AWARD is a career-development program that since 2008 has, through tailored fellowship, equipped top women agricultural scientists across sub-Saharan Africa to accelerate agricultural gains by strengthening their science and leadership skills. AWARD is a catalyst for innovations with high potential to contribute to the prosperity and well-being of African smallholder farmers.

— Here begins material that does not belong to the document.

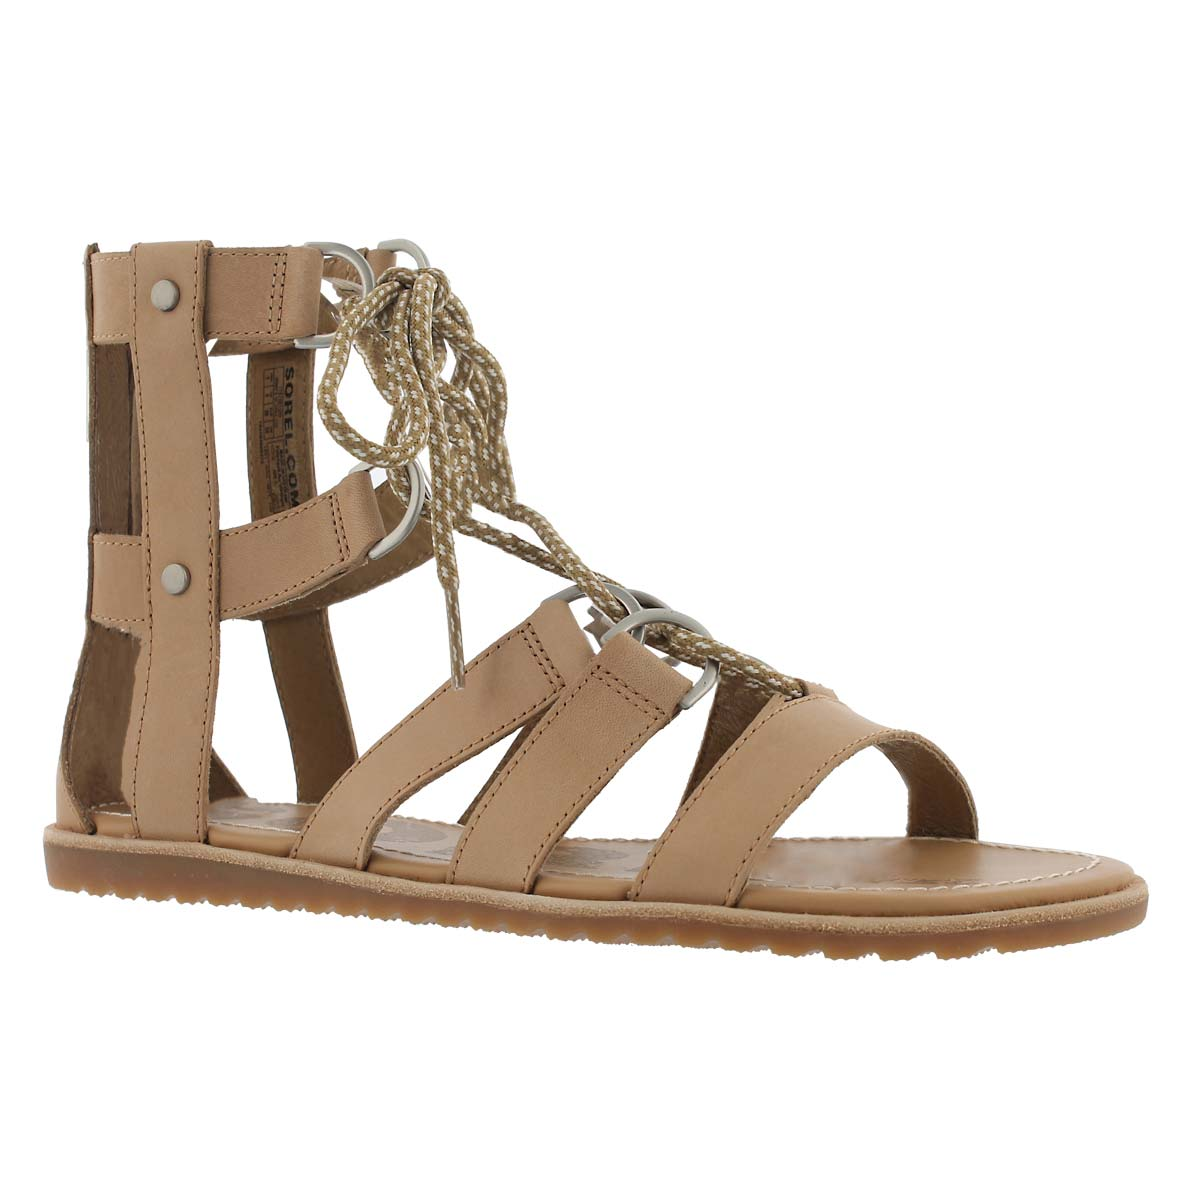 Women's ELLA lace up sahara casual sandals

AWARD Fellows benefit from a two-year fellowship focused on fostering mentoring partnerships, building science skills, and developing leadership capacity. Following a highly competitive process, the fellowship is awarded on the basis of intellectual merit, leadership capacity and the potential impact of the scientist's research to improve the livelihoods of small holder farmers. African women scientists from 16 countries (Ethiopia, Ghana, Kenya, Liberia, Malawi, Mozambique, Nigeria, Rwanda, Tanzania, Uganda, Zambia, Burkina Faso, Cameroon, Côte d’Ivoire, Mali, and Senegal) have benefited directly as AWARD Fellows. AWARD partners with more than 200 organizations and universities, including many national agricultural research institutions and several private companies

DEVELOPING LEADERSHIP SKILLS

Each fellow participates in leadership skills courses that focus on building self-esteem and offer insights into how to thrive in a workplace through teamwork and negotiations. She also has the practical experience of hosting a role-modeling event to introduce other women – young students or colleagues – to the importance and rewards of careers in agriculture.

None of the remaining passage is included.